AVAILABLE DATA
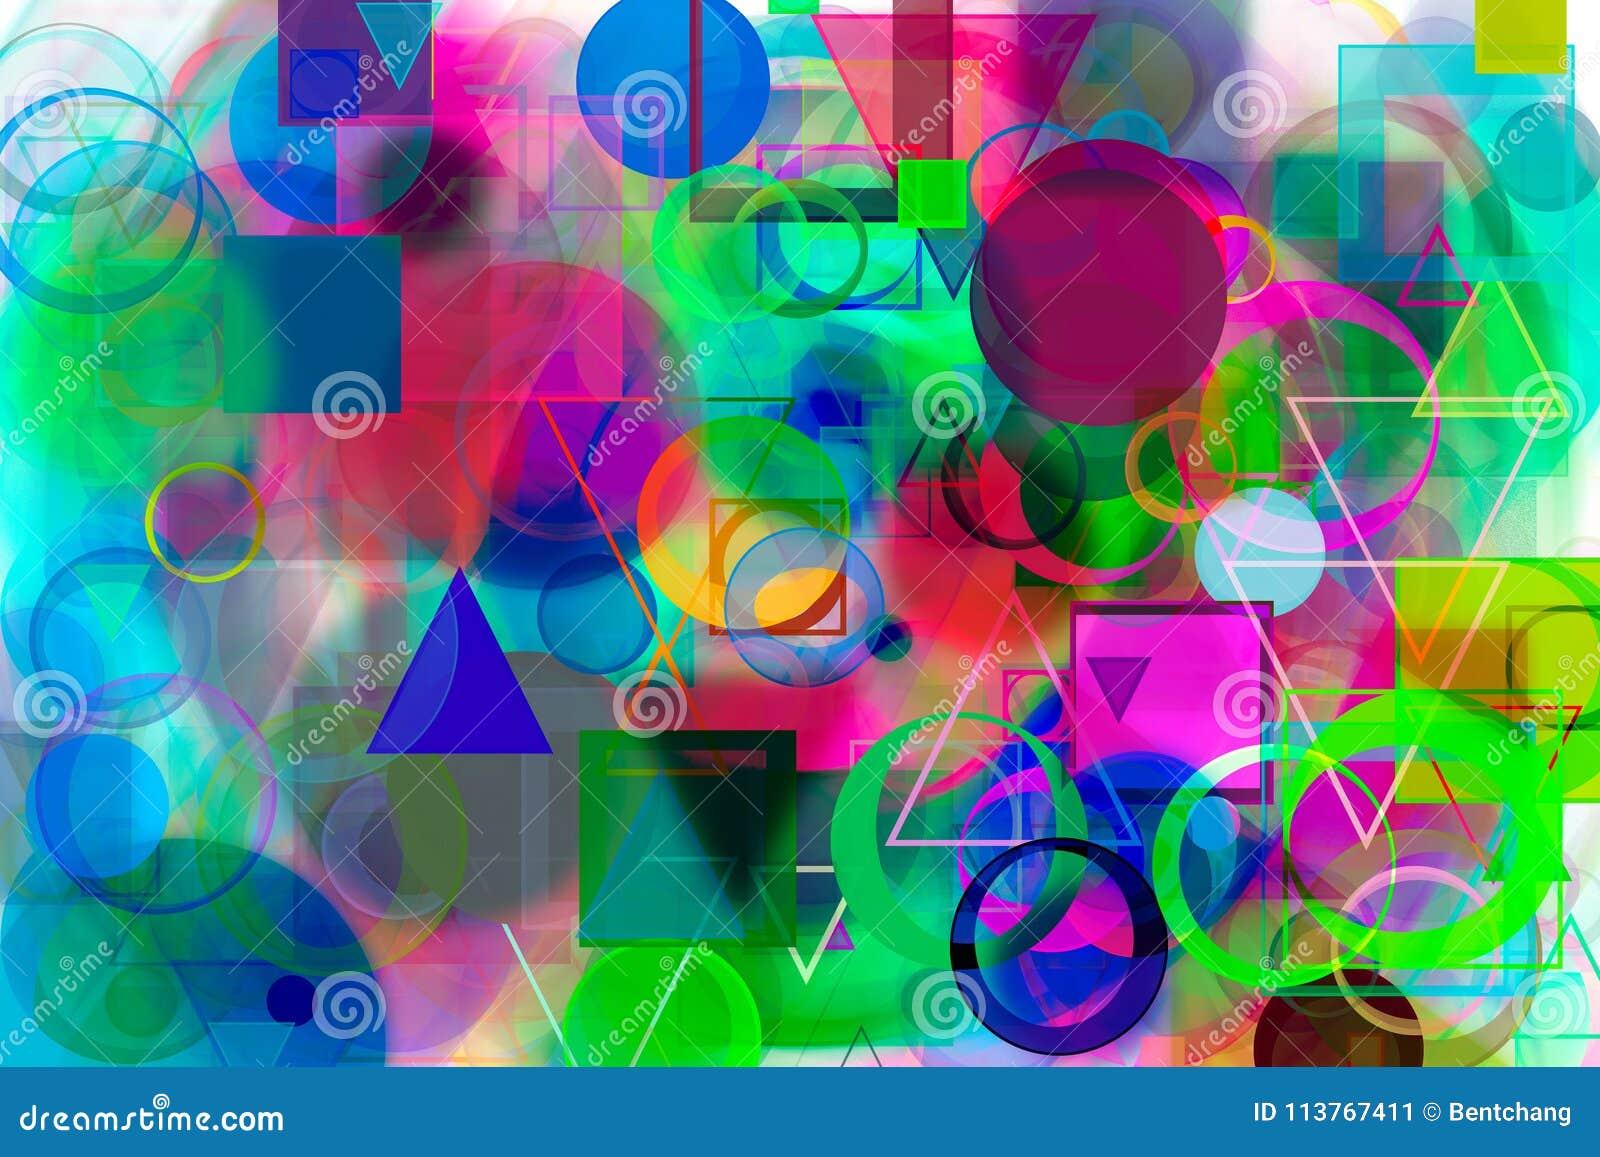 Abstract Shape Generative Design Art Background Pattern
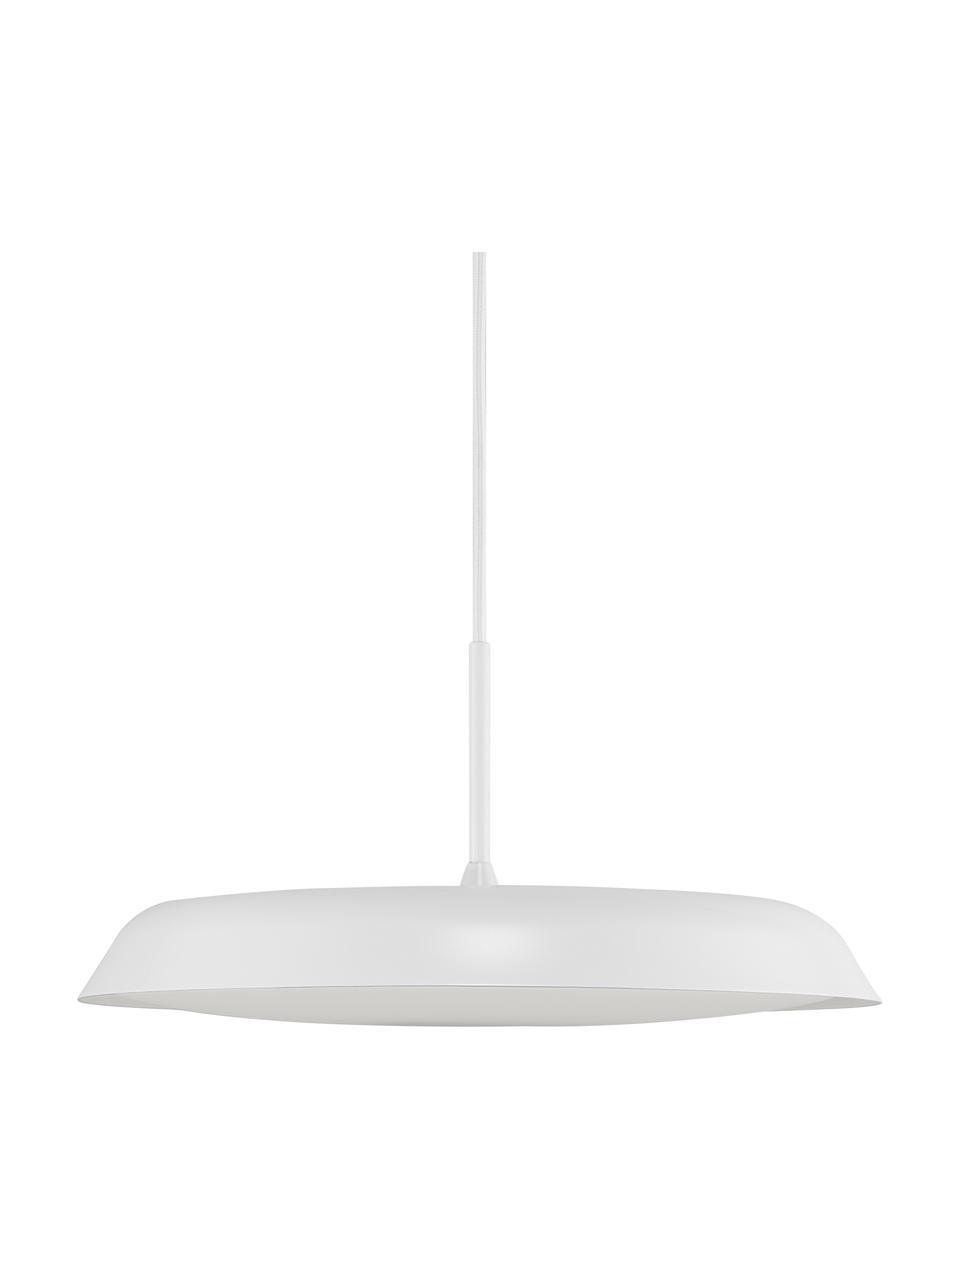 Dimmbare LED-Pendelleuchte Piso in Weiß, Lampenschirm: Metall, beschichtet, Weiß, Ø 36 x H 17 cm
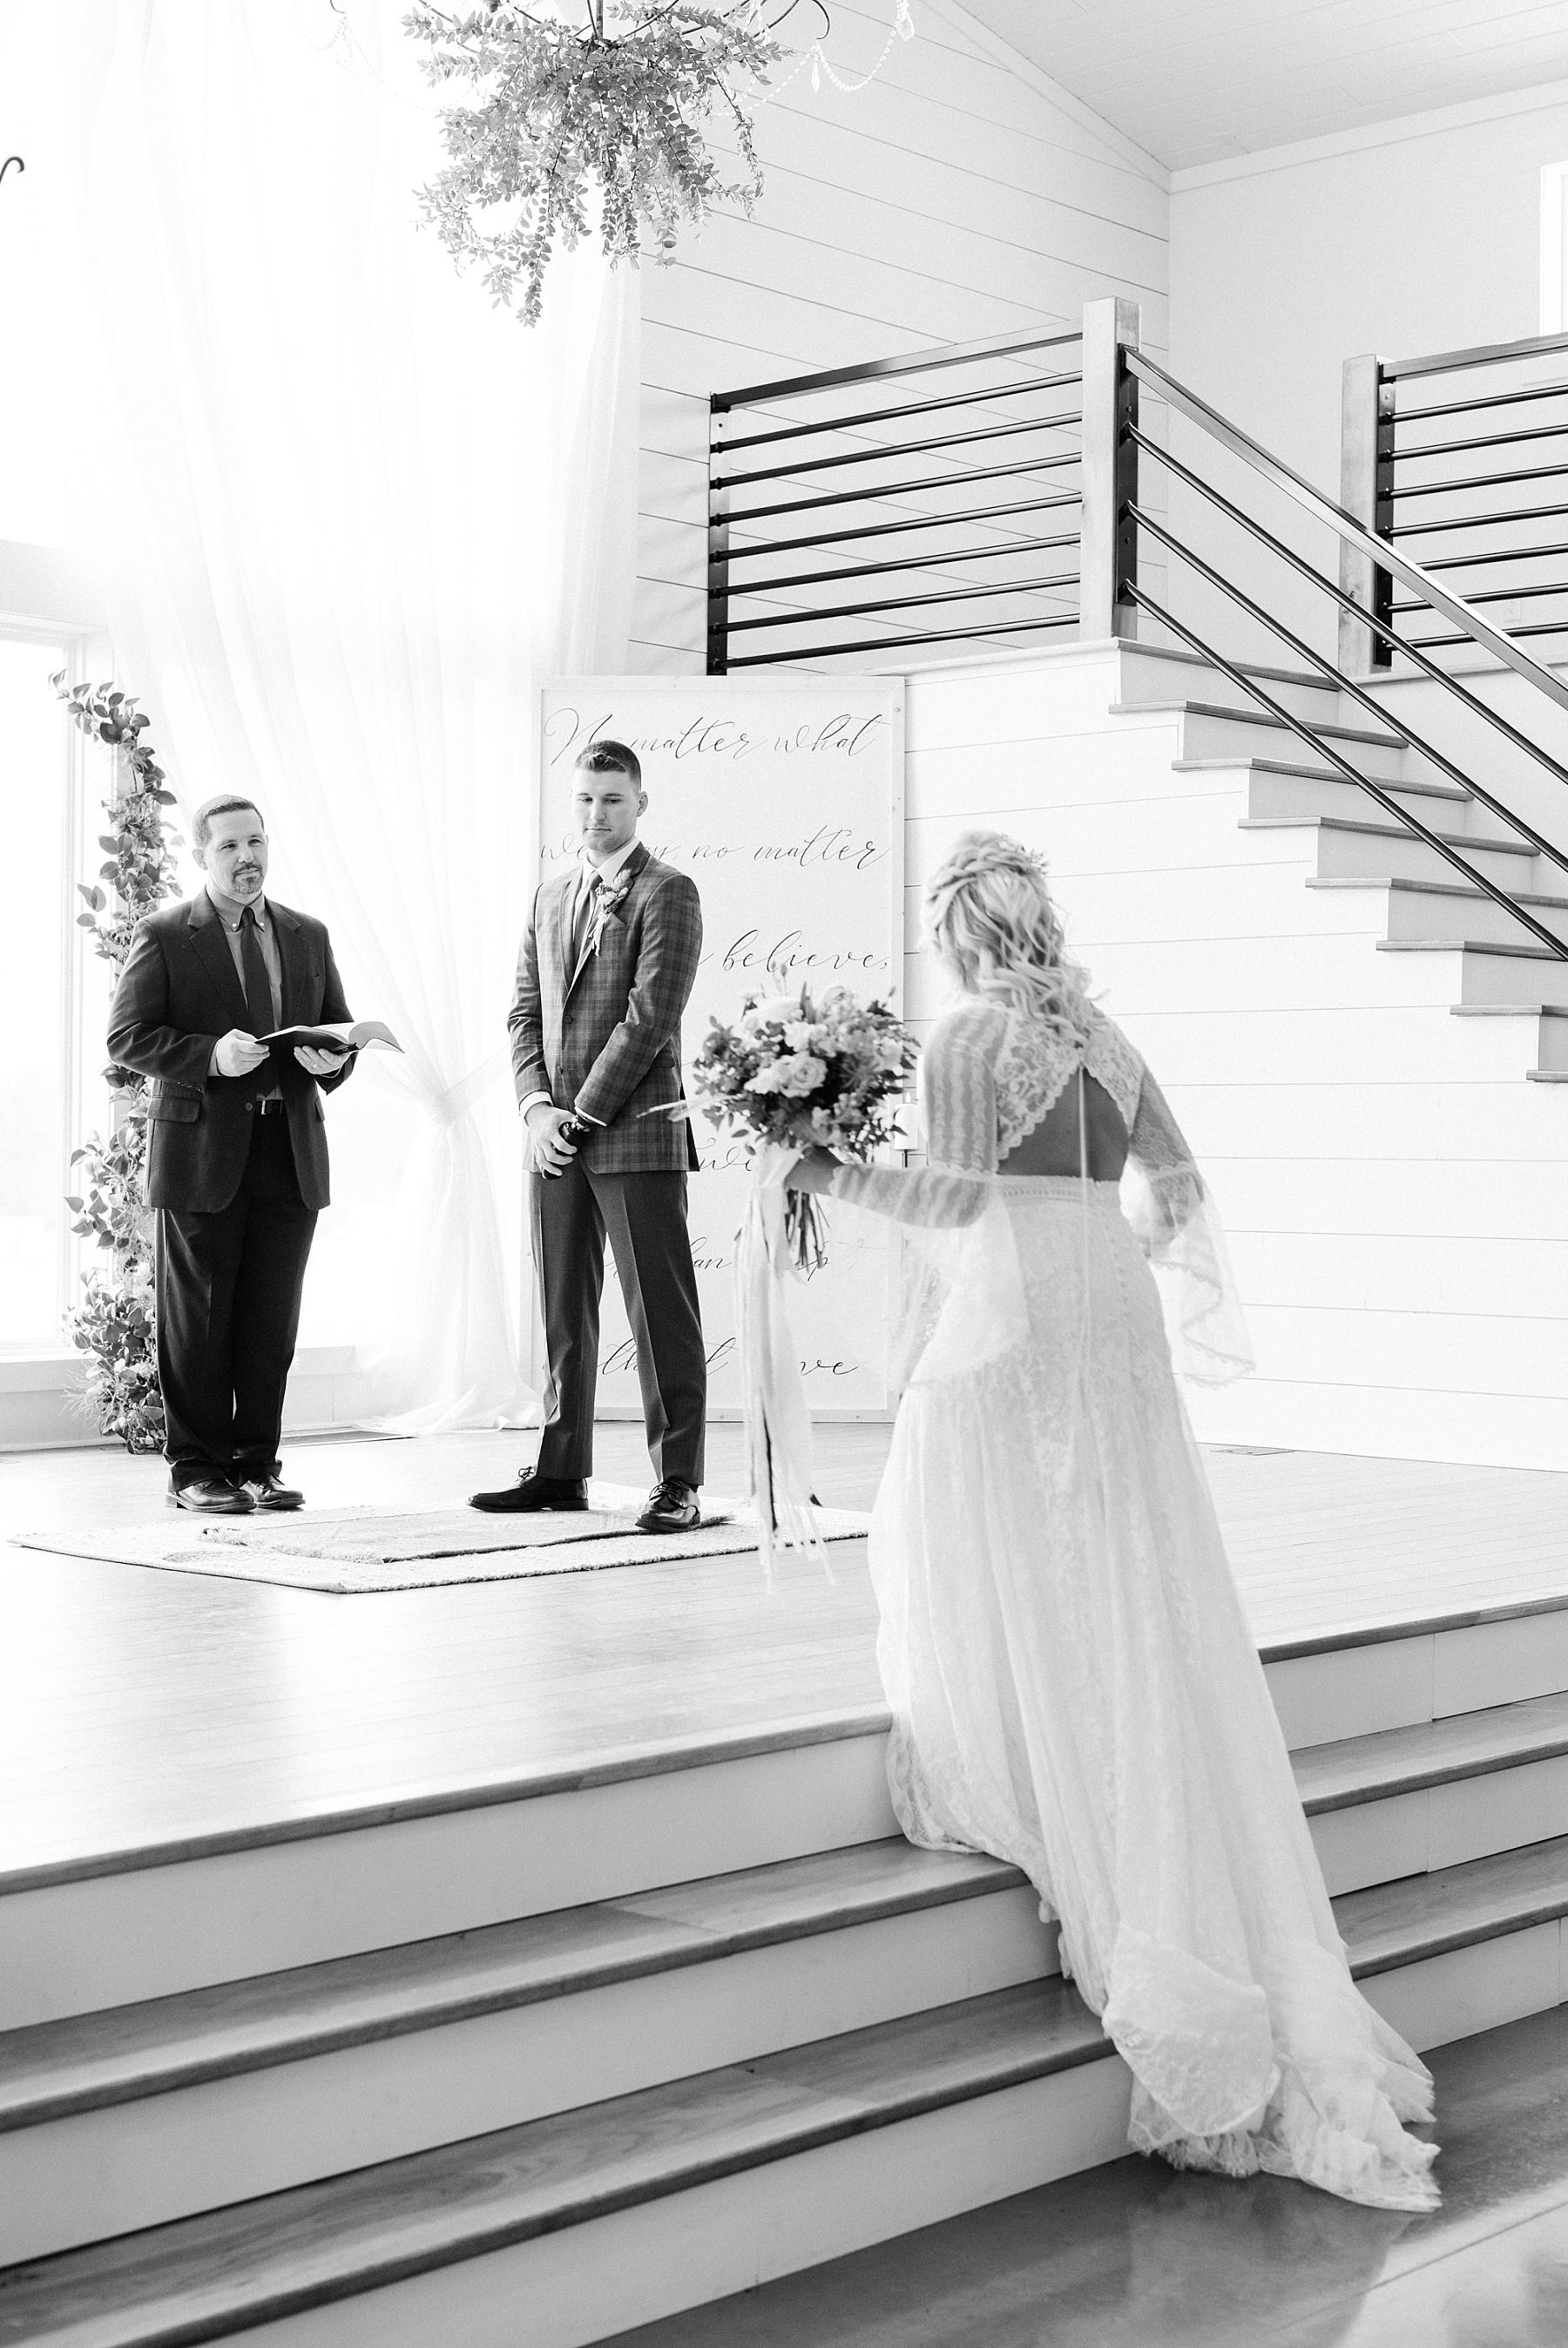 Eclectic Scandinavian Winter Wedding in All White Venue Emerson Fields by Kelsi Kliethermes Photography Best Missouri and Maui Wedding Photographer_0056.jpg
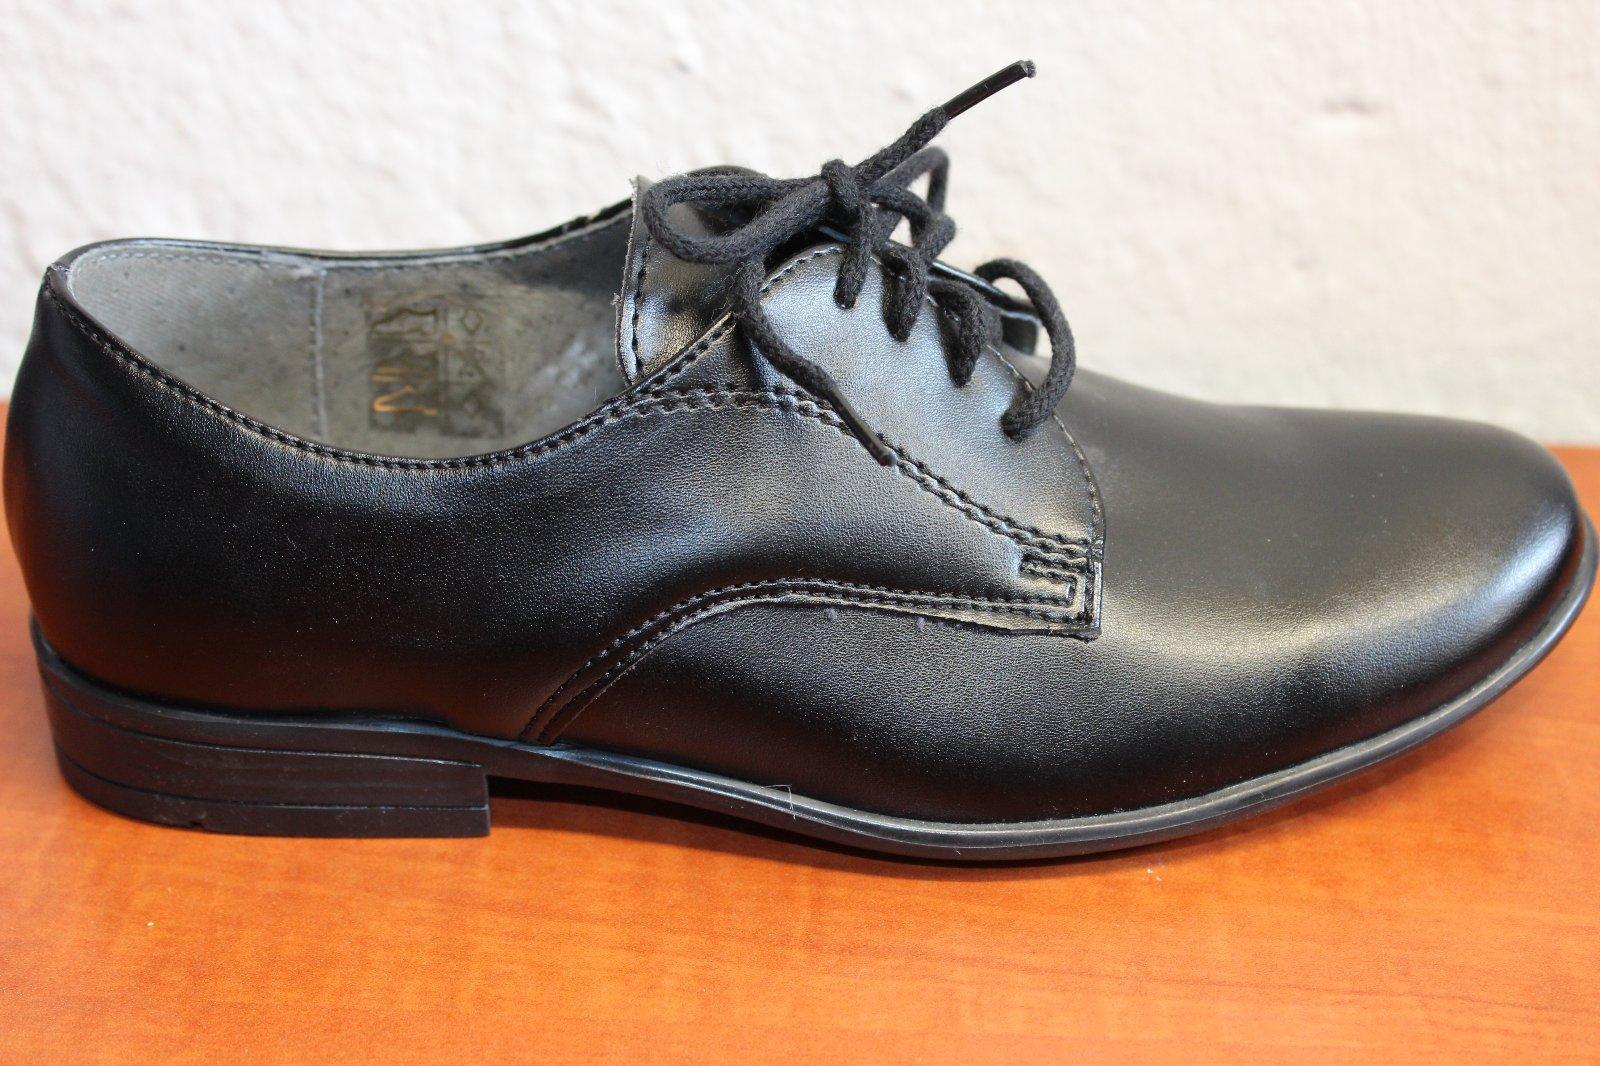 593b322076 Chlapčenské spoločenské topánky 9616 b

PROMPT
Copy out all the data above exactly, minus the images.

WRITTEN SOLUTION
 Abstract Shape Generative Design Art Background Pattern
 Dimmbare LED-Pendelleuchte Piso in Weiß, Lampenschirm: Metall, beschichtet, Weiß, Ø 36 x H 17 cm
 Eclectic Scandinavian Winter Wedding in All White Venue Emerson Fields by Kelsi Kliethermes Photography Best Missouri and Maui Wedding Photographer_0056.jpg
 593b322076 Chlapčenské spoločenské topánky 9616 b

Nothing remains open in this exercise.